Support Questions
Find answers, ask questions, and share your expertise

Re: Metron - Error enriching squid data in Storm

@Aaron Harris

First check HBase in Ambari to make sure it is green. The threat intelligence enrichments are using hbase.

Another thing to check is the squid log that is sent to kafka. One of the things I found with squid is that if you aren't constantly sending http requests to squid the logs roll over and there are no messages in the latest log. In a production system where squid is routing user http request the log won't be empty. I think you may be running into this problem:

Check the messages going to the squid topic. It looks like they might be missing some information such as the source and dest ips. An easy way to fix this is to do the squid requests again and populate the most recent log.

The squid messages should look something like this:

[vagrant@node1 ~]$ /usr/hdp/2.4.2.0-258/kafka/bin/kafka-console-consumer.sh --zookeeper localhost:2181 --topic squid --from-beginning

{metadata.broker.list=node1:6667, request.timeout.ms=30000, client.id=console-consumer-31722, security.protocol=PLAINTEXT}

1476285641.838 1439 127.0.0.1 TCP_MISS/200 457194 GET http://www.aliexpress.com/af/shoes.html? - DIRECT/104.81.164.40 text/html

1476285642.545 704 127.0.0.1 TCP_MISS/200 40385 GET http://www.help.1and1.co.uk/domains-c40986/transfer-domains-c79878 - DIRECT/212.227.34.3 text/html

1476285644.617 2068 127.0.0.1 TCP_MISS/200 177264 GET http://www.pravda.ru/science/ - DIRECT/185.103.135.90 text/html

Then check the squid messages going to the enrichments topic. They should look something like this:

[vagrant@node1 ~]$ /usr/hdp/2.4.2.0-258/kafka/bin/kafka-console-consumer.sh --zookeeper localhost:2181 --topic enrichments --from-beginning | grep squid

{"full_hostname":"www.aliexpress.com","code":200,"method":"GET","url":"http:\/\/www.aliexpress.com\/af\/shoes.html?","source.type":"squid","elapsed":1439,"ip_dst_addr":"104.81.164.40","original_string":"1476285641.838 1439 127.0.0.1 TCP_MISS\/200 457194 GET http:\/\/www.aliexpress.com\/af\/shoes.html? - DIRECT\/104.81.164.40 text\/html","bytes":457194,"domain_without_subdomains":"aliexpress.com","action":"TCP_MISS","ip_src_addr":"127.0.0.1","timestamp":1476285641838}

{"full_hostname":"www.help.1and1.co.uk","code":200,"method":"GET","url":"http:\/\/www.help.1and1.co.uk\/domains-c40986\/transfer-domains-c79878","source.type":"squid","elapsed":704,"ip_dst_addr":"212.227.34.3","original_string":"1476285642.545 704 127.0.0.1 TCP_MISS\/200 40385 GET http:\/\/www.help.1and1.co.uk\/domains-c40986\/transfer-domains-c79878 - DIRECT\/212.227.34.3 text\/html","bytes":40385,"domain_without_subdomains":"1and1.co.uk","action":"TCP_MISS","ip_src_addr":"127.0.0.1","timestamp":1476285642545}

Re: Metron - Error enriching squid data in Storm

Contributor

@cduby

Thanks for all your help along the way I think I am finally up and running now.

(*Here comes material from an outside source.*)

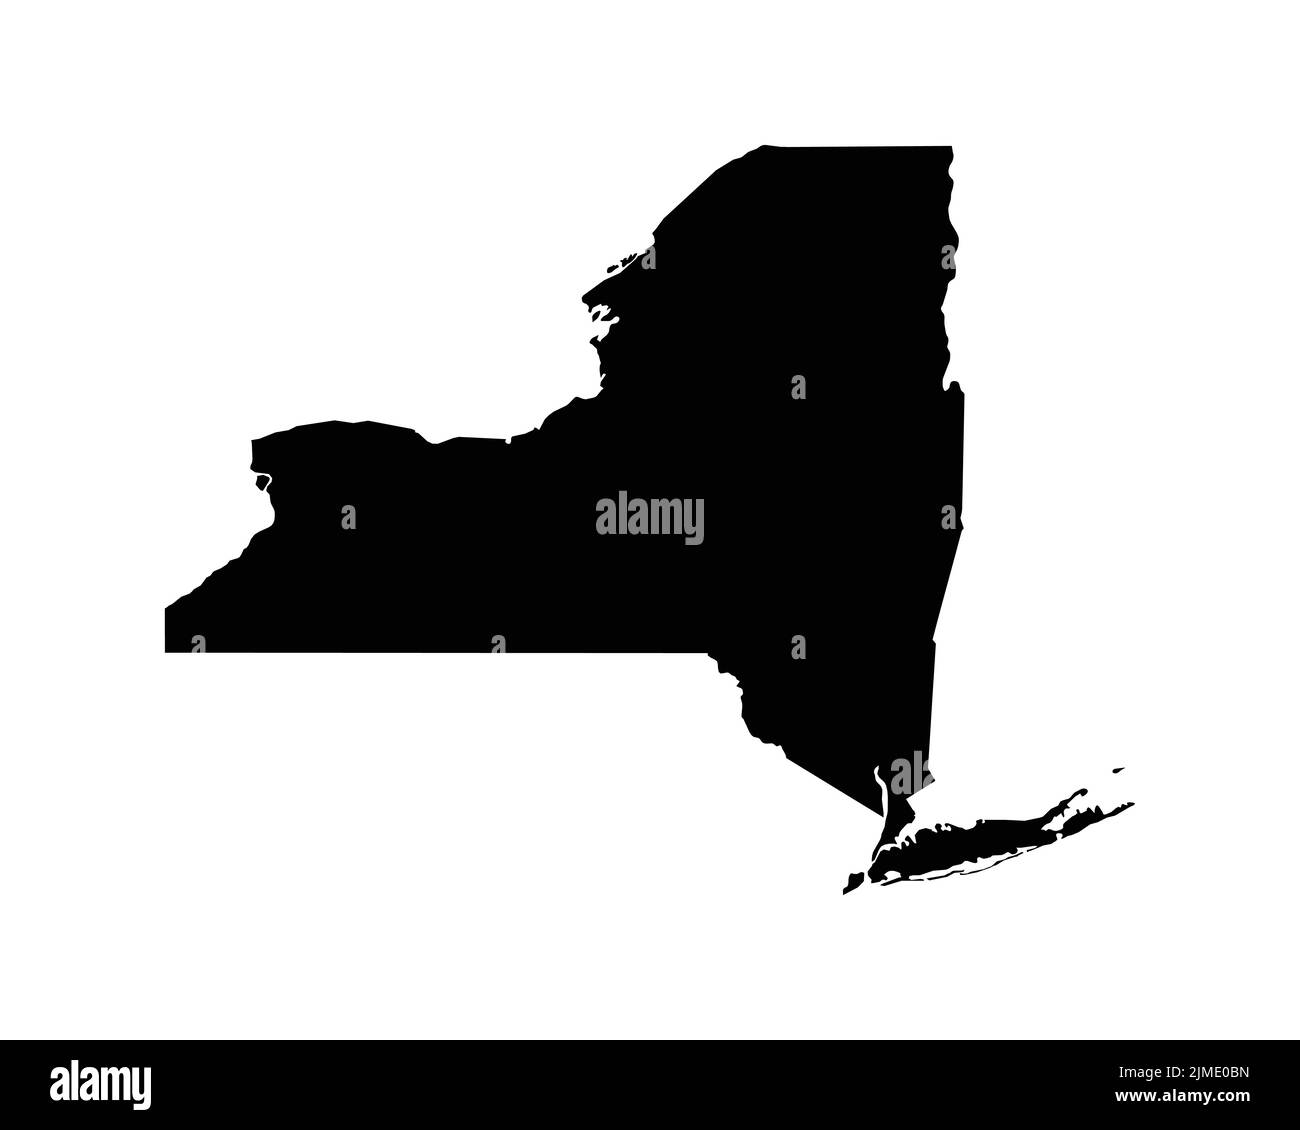 Mappa degli Stati Uniti di New York. Mappa dello stato degli Stati Uniti di New York. Bianco e nero New Yorker state Border Boundary Line Outline Geography Territory Shape Vector Illustration EPS CLI Illustrazione Vettoriale
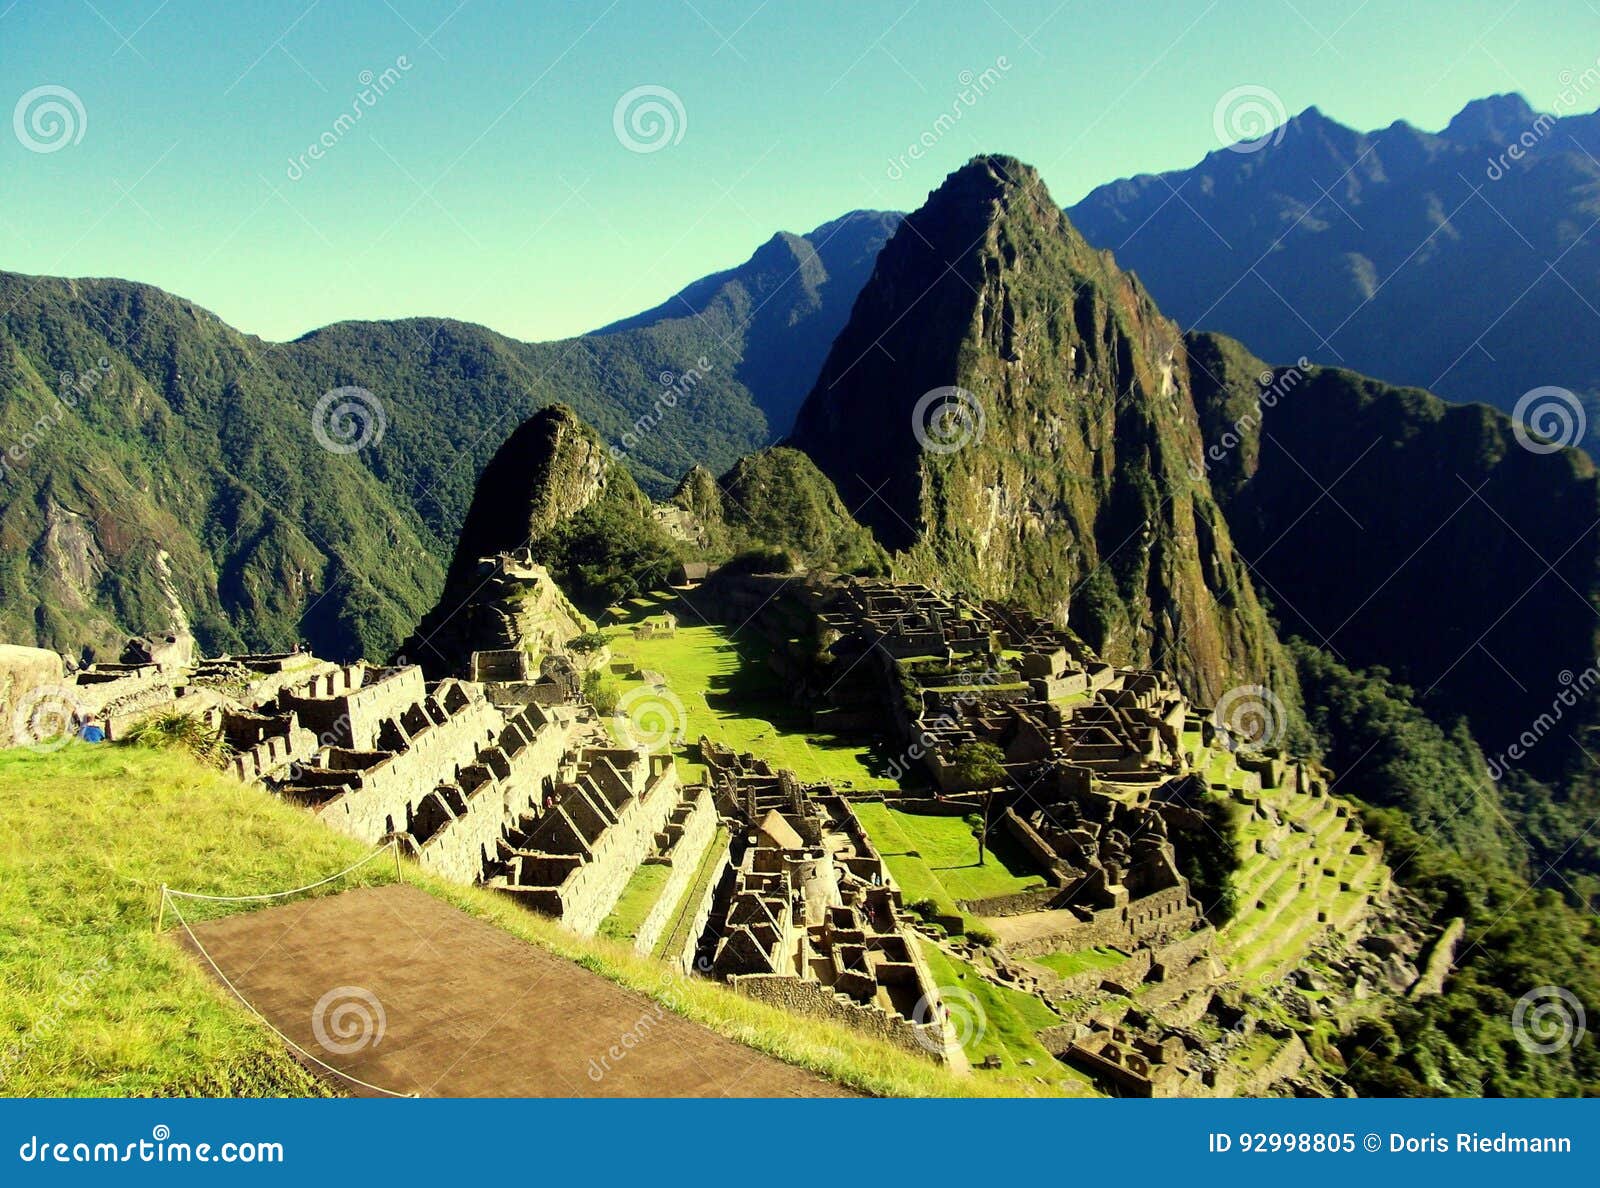 machu picchu peru inca ruins world wonder southamerica

Found the issue with the enrichments, it was that the squid logs I had generated were missing the destination IP address, once I regenerated these, cleared the kafka queues and restarted the topologies the data started flowing through into elastic index.

Then to get around the timestamp issue I had to curl in a template to elastic to create a template for the squid data with the timestamp field specified as a date as below;

curl -XPUT http://node1:9200/_template/squid -d '{"template":"squid*","mappings": {"squid*": {"properties": {"timestamp": { "type": "date" }}}}}'

Re: Metron - Error enriching squid data in Storm

@Aaron Harris Glad you are up and running!